Nitrogen cycling dynamics in the carnivorous northern pitcher plant, Sarracenia purpurea

Summary1 In nutrient‐poor environments, plants employ many strategies to acquire and recycle scarce nutrients. Predictable relationships among a variety of leaf traits, including leaf nitrogen (N) suggest that how plants obtain, use, store and re‐use N is a major component of plant fitness. The northern pitcher plant, Sarracenia purpurea , receives nitrogen from multiple sources: NH 4 and NO 3 dissolved in precipitation; N mineralized from captured prey; the scant N in saturated peat; and N remobilized from storage.
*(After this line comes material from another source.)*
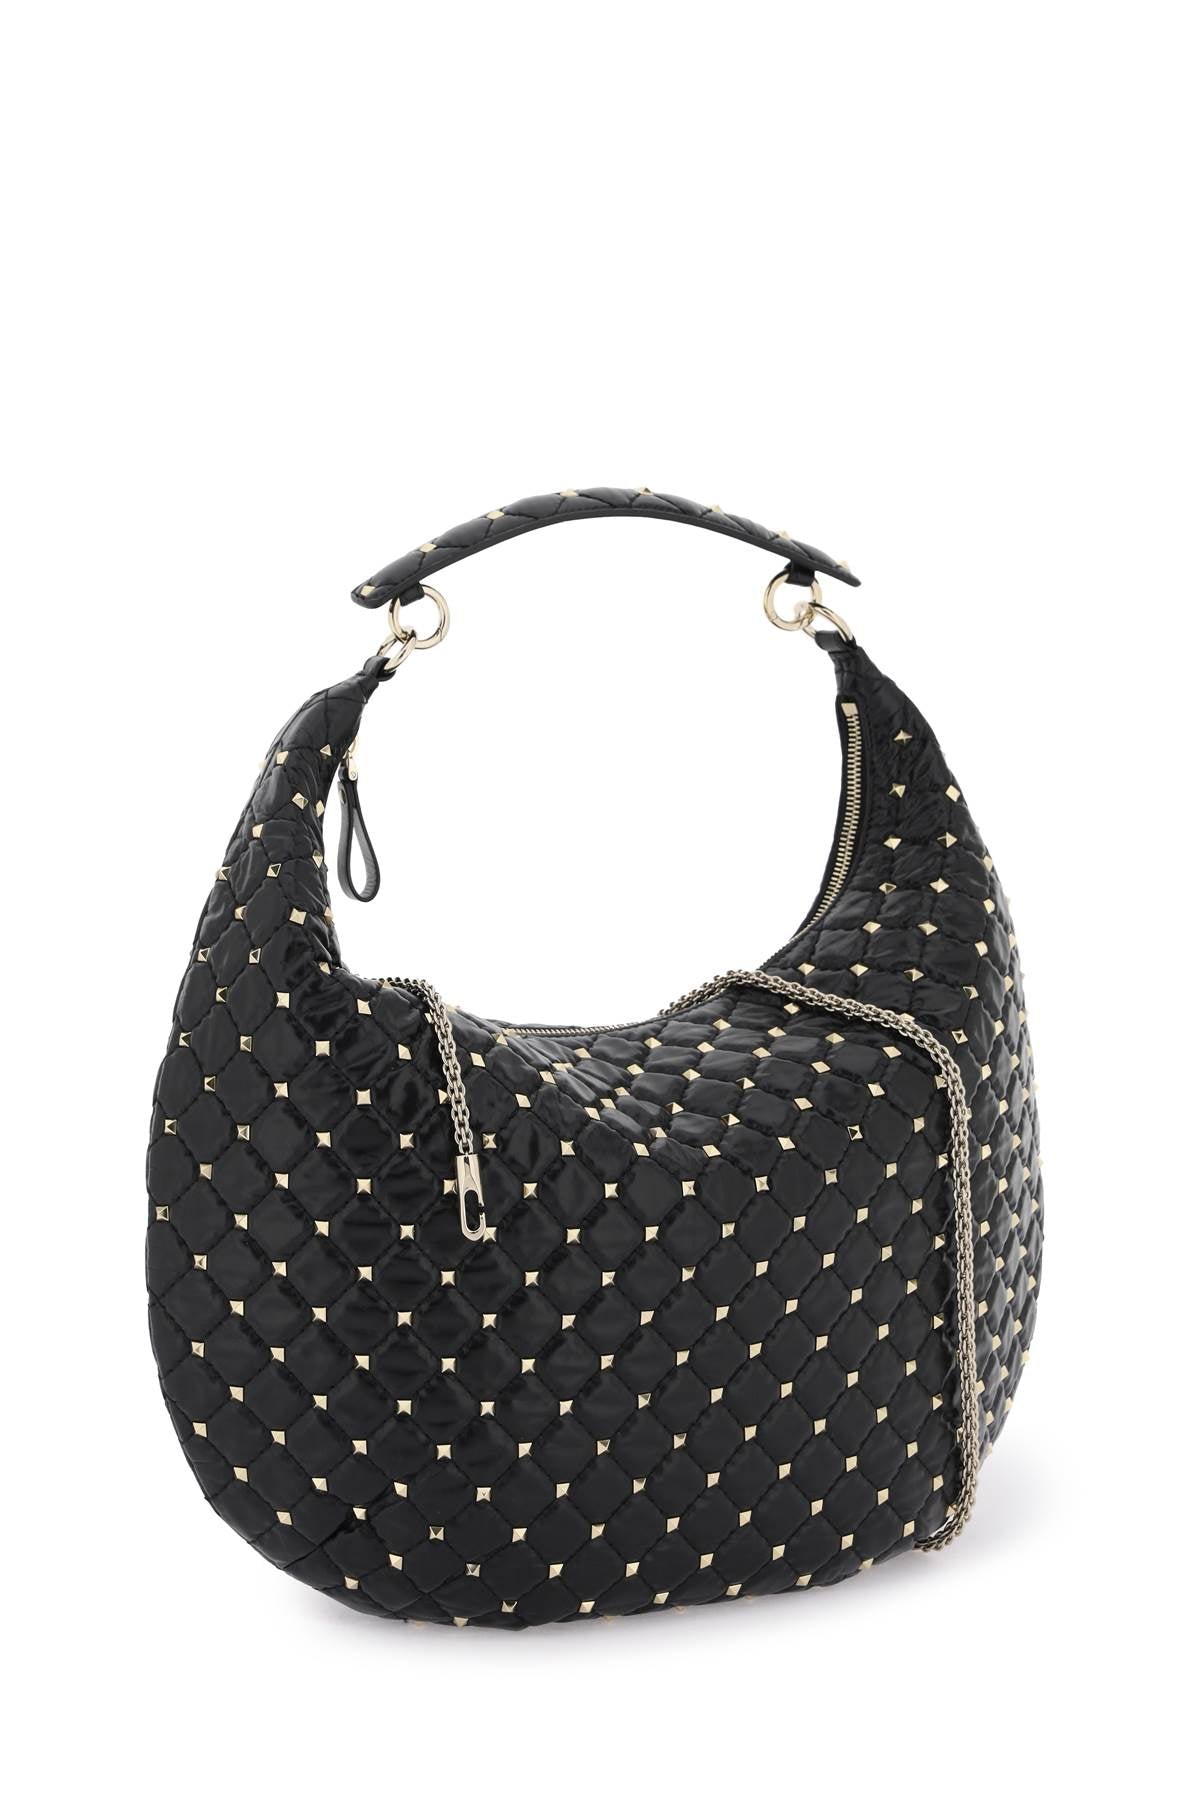 VALENTINO GARAVANI Luxurious Quilted Leather 'ROCKSTUD SPIKE' Hobo Handbag for Women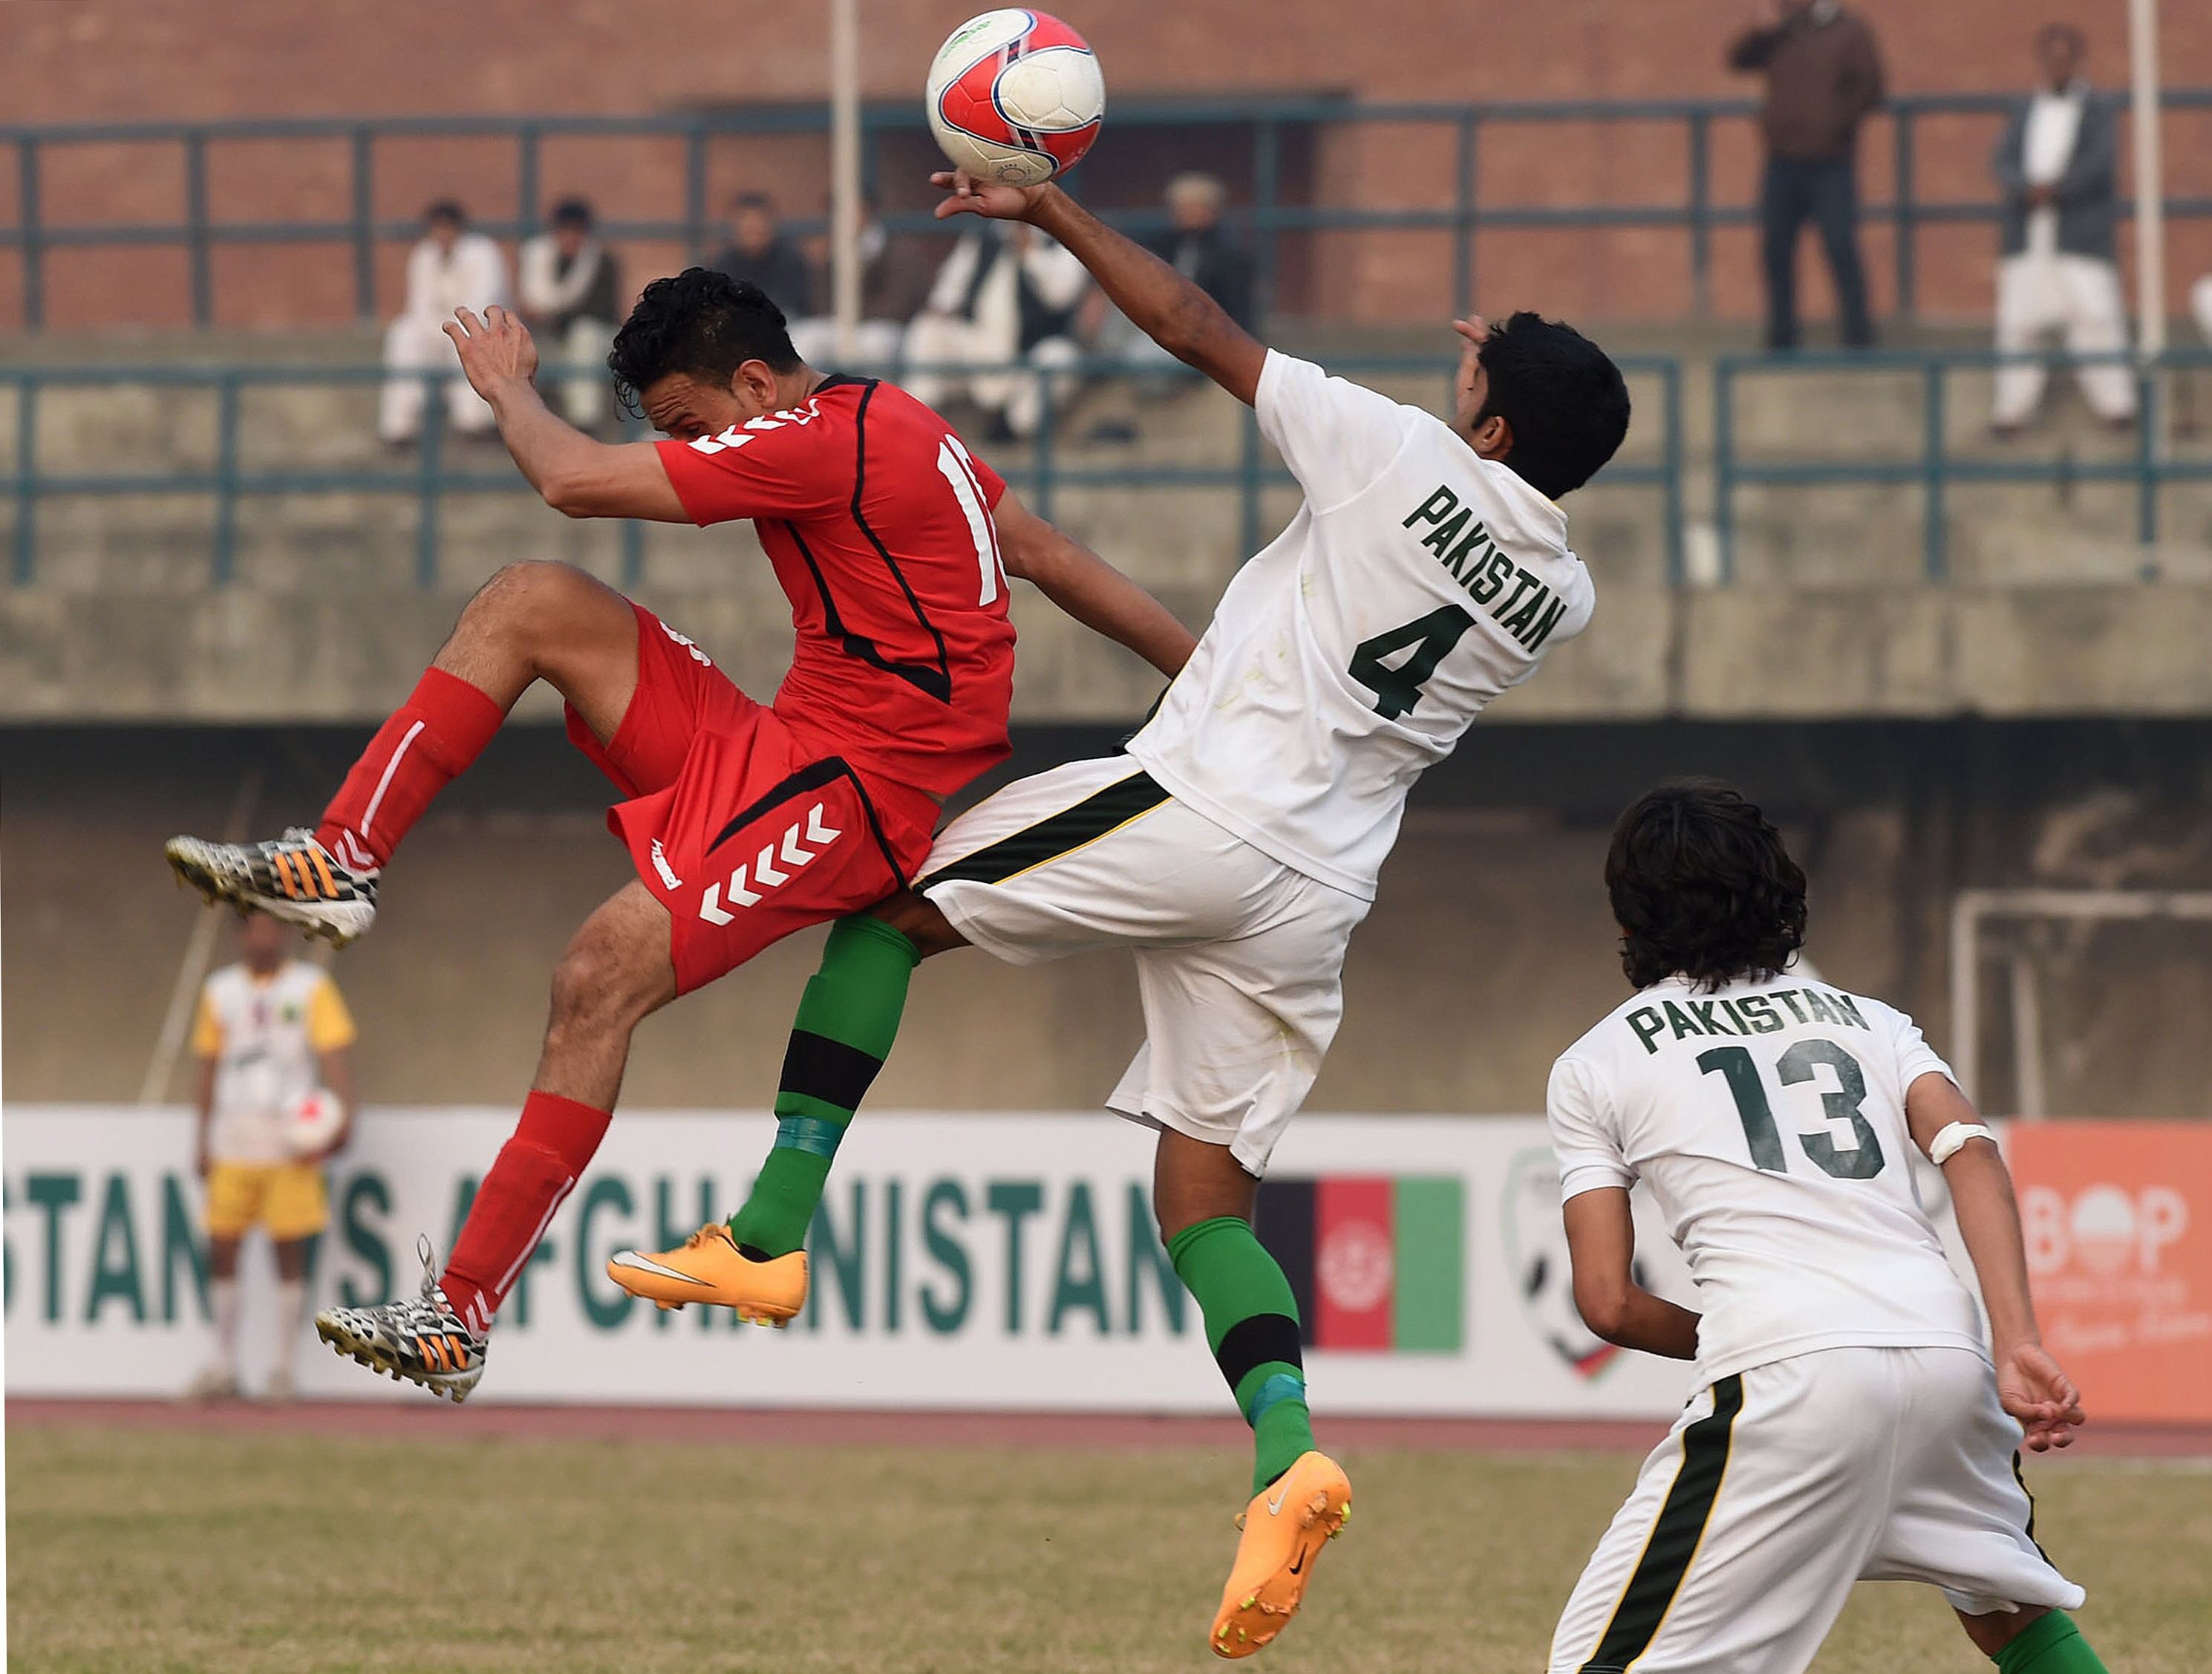 football in pakistan essay

In two greenhouse experiments, we examined N cycling in S. purpurea and consider how these dynamics relate to prior observations that this carnivorous plant has an unusually low photosynthetic rate for its tissue N content. 2 In the first experiment we assessed assimilation, translocation, storage and remobilization of 15 N supplied to pitchers and roots. In the second experiment, we examined how 15 N assimilated by the first pitcher produced at the start of the growing season contributed to the production and maintenance of subsequent pitchers, roots and rhizomes. 3 Patterns of N cycling were similar at the individual‐leaf and whole‐plant level. Pitchers assimilated 55%–69% of available 15 N and served as both the largest sink for newly assimilated N (> 90% of the 15 N assimilated during 2004) and the largest source of N remobilization the following spring. In contrast, N assimilated by roots was low and accounted for < 2·5% of the overall S. purpurea N budget. Sarracenia purpurea used both stored N and newly‐acquired N throughout the growing season. The importance of stored N decreased throughout the growing season as newly assimilated N contributed more to later pitcher production. 4 Our detailed mechanistic analysis of nitrogen cycling dynamics of S. purpurea suggests why this plant has a low photosynthetic rate for its tissue N content. Excess nitrogen is stored for future use, and production of new pitchers is primarily aimed at enhancing prey capture rather than increasing photosynthetic tissue.